Schools average in paddling
By Jon Alverson
Desoto Time Tribune, September 10, 2010

About 10.5 percent of DeSoto County (MS) public school students received corporal punishment during the last school year. The schools reported 3,140 students had corporal punishment, or paddlings, in 4,993 incidences.

DeSoto County’s percentage is similar to Mississippi’s overall average of about 10 percent which is the highest in the nation.

DeSoto County’s rate is 1.5 to 4 times higher than two other state school districts in similar growth and demographic areas, Rankin and Madison counties. The highest academic performing districts last year of Booneville and Pass Christian do not administer corporal punishment. About 50 of the 152 districts in the state don’t allow paddling.

Mike Smith, director of pupil services for DeSoto County Schools, said the schools’ goal is to work through teacher interventions to avoid corporal punishment.

“Our teachers are being trained there are many interventions we can do with students,” Smith said. Interventions include a teacher support team that works to correct student behavior as well as working with grades.

At the beginning of the school year, DeSoto County schools allow parents to choose an alternative form of punishment in place of corporal punishment.

Beginning in seventh grade, students also may choose to decline corporal punishment.

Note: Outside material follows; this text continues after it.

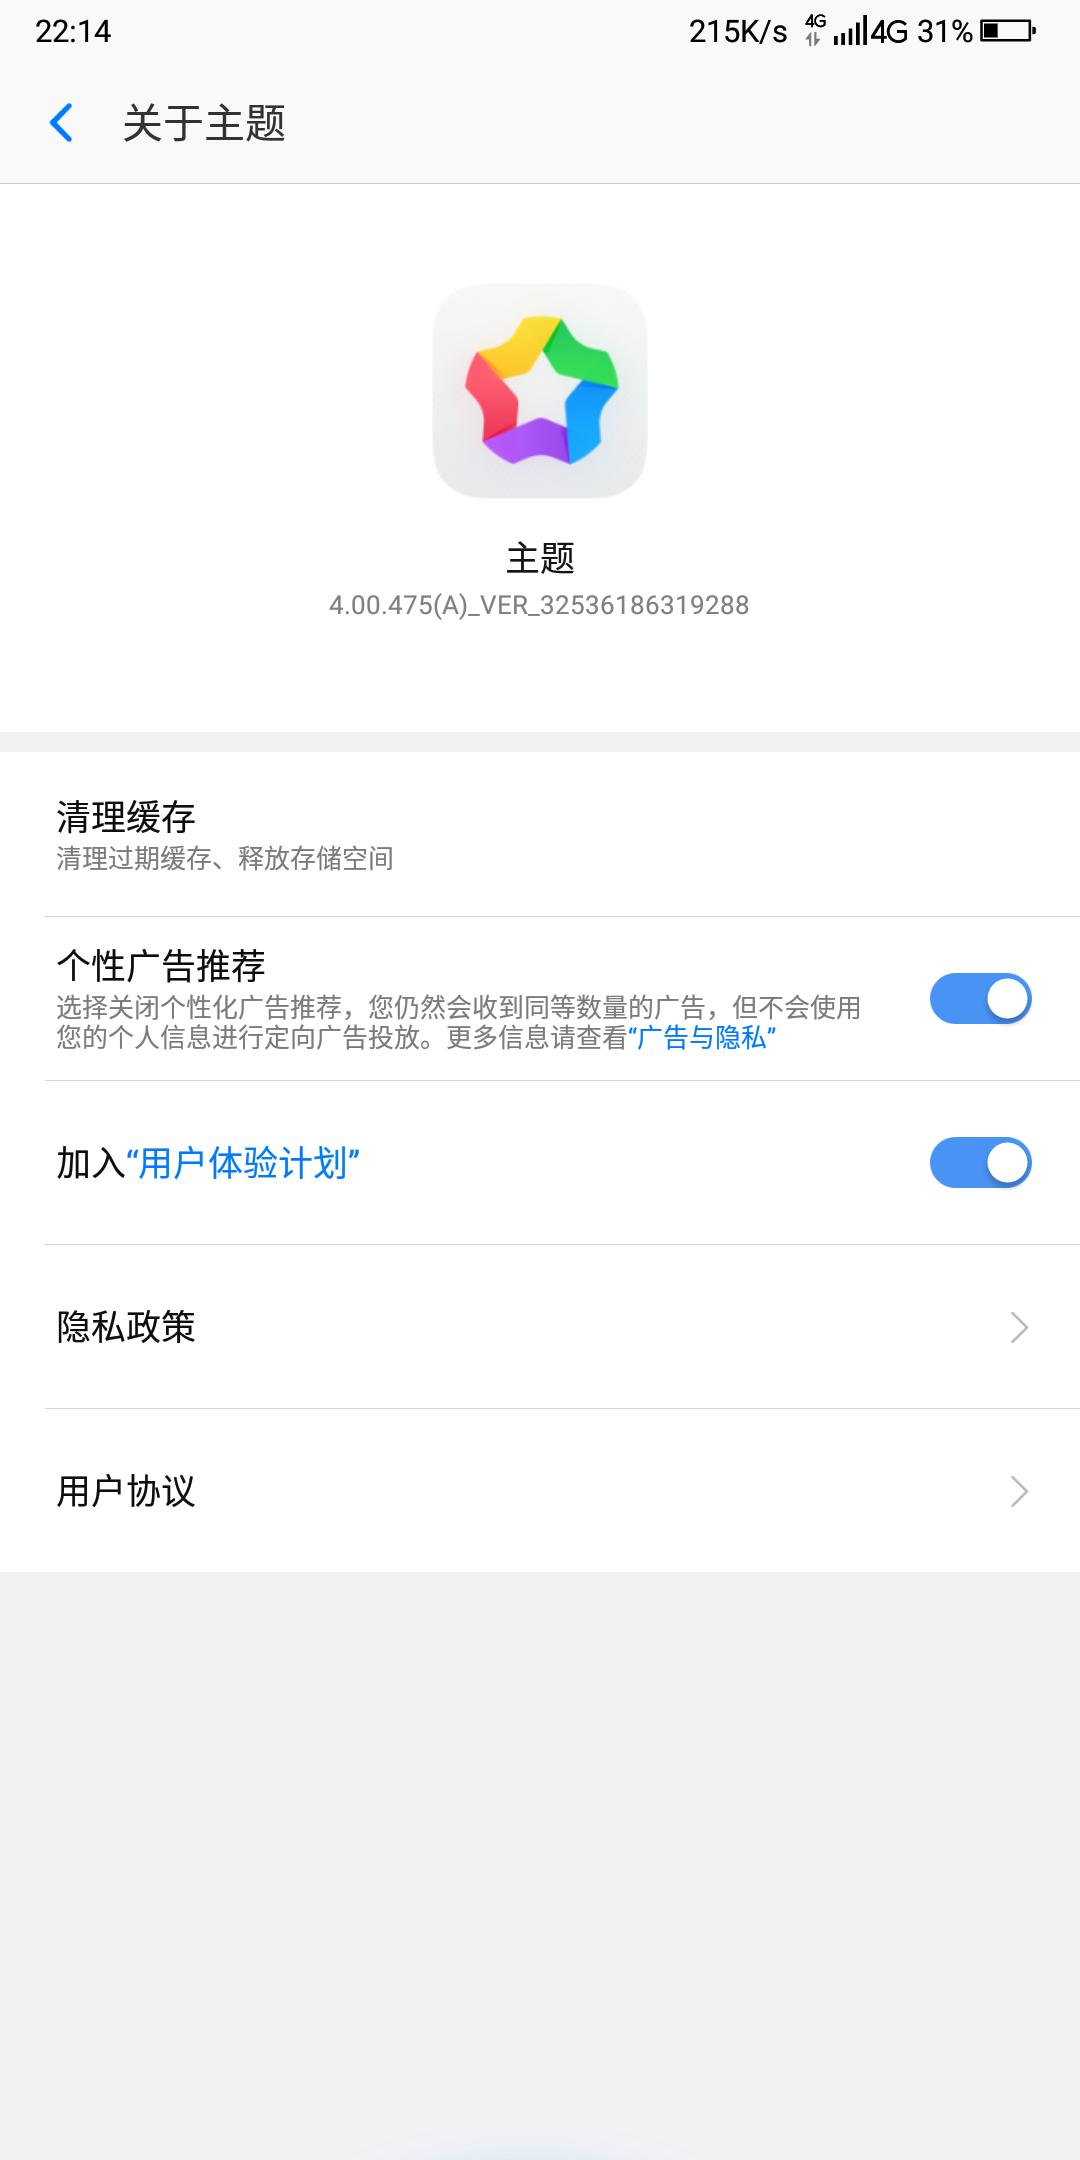 Screenshot_2019-09-18-22-14-03.png

The alternative punishment is in-school suspension, in which students spend one or more school days in a special classroom apart from their regular studies.

Dr. Sarah Blackwell, elementary education coordinator and professor in the school of education at the University of Mississippi, said the university does not allow student interns to participate in corporal punishment when placed in a school.

She said that after many years in education, she’s found a positive interaction with students is better than corporal punishment in correcting actions.

In Rankin County Schools corporal punishment is a last resort according to Matthew Evans, assistant superintendent.

“It just doesn’t fit with our community anymore,” Evans said. “We should reflect our community.”

Evans said the shift away from corporal punishment as a disciplinary mainstay happened about 10-15 years ago.

“If the parents aren’t behind it, it won’t work,” Evans said.

The suburban Rankin County school district last year had about 2.8 percent of its 18,000 students involved in corporal punishment.

The suburban Madison County school district last year had 6.5 percent of its 11,000 students involved in corporal.

The Tupelo Schools district is one of those opting out of corporal punishment as a means of discipline.

Kay Bishop, Public Relations Officer with Tupelo Schools, said corporal punishment has not been a part of the schools code of discipline for many years.

“It’s just not an effective means of discipline,” Bishop said. “We changed it according to what was best for our students.”

The DeSoto County Schools code of discipline — available online at http://www.desotocountyschools.org/page.php?pid=1587 — outlines when corporal punishment is to be used in a disciplinary situation.

According to the DeSoto County schools’ code of discipline, corporal punishment can consist of no more than three licks per incident on the buttocks with an appropriate instrument approved by the principal.

A federal lawsuit filed on behalf of a Tate County high school student in federal court in Greeneville recently asks for a ban on paddling in the state, claiming the punishment is unfairly applied based on gender and race.

The plaintiff student, a 16-year old male, was paddled last fall for looking at photographs on a camera during class. The female student who brought the camera to class was not paddled.

The suit requests a preliminary injunction or temporary restraining order halting the practice as well as a declaration that corporal punishment of students is unconstitutional.

The lawsuit claims that 75 percent of students paddled in Mississippi are male, creating "a serious, gender driven crisis," and that black students are paddled at disproportionate rates.

In DeSoto County last year, black students at 53 percent of the total number of corporal punishment incidents, were the largest population involved, followed by white students at 39 percent. White students made up 65 percent of the district’s students with black students at 28 percent, according to a Children First Annual report.

White males received 33 percent of the in-school suspensions, and black males followed at 31 percent. Males make up 79 percent of the total corporal punishment incidents.

Records obtained by the DeSoto Times Tribune from the Mississippi Department of Education show some trends in who receives the punishment. The numbers supplied do not include any single school population of less than 10 incidents in order to avoid identifying individual students, according to the state department of education.

See a full report on the number of corporal punishment incidents in individual schools in the district online at www.desototimestribune.com.

Katherine Nelson, director of community relations for DeSoto County Schools, said corporal punishment is part of how the system keeps its students on track and learning.

“Corporal punishment works for us. It is a deterrent to discourage or prevent negative behavior,” Nelson said. “It keeps our schools in order and lets our teachers have an orderly classroom.

Nelson said orderly classrooms are a benefit to students’ ability to learn. “Our goal is for students to learn, but when they disrupt the classroom, there has to be a consequence.”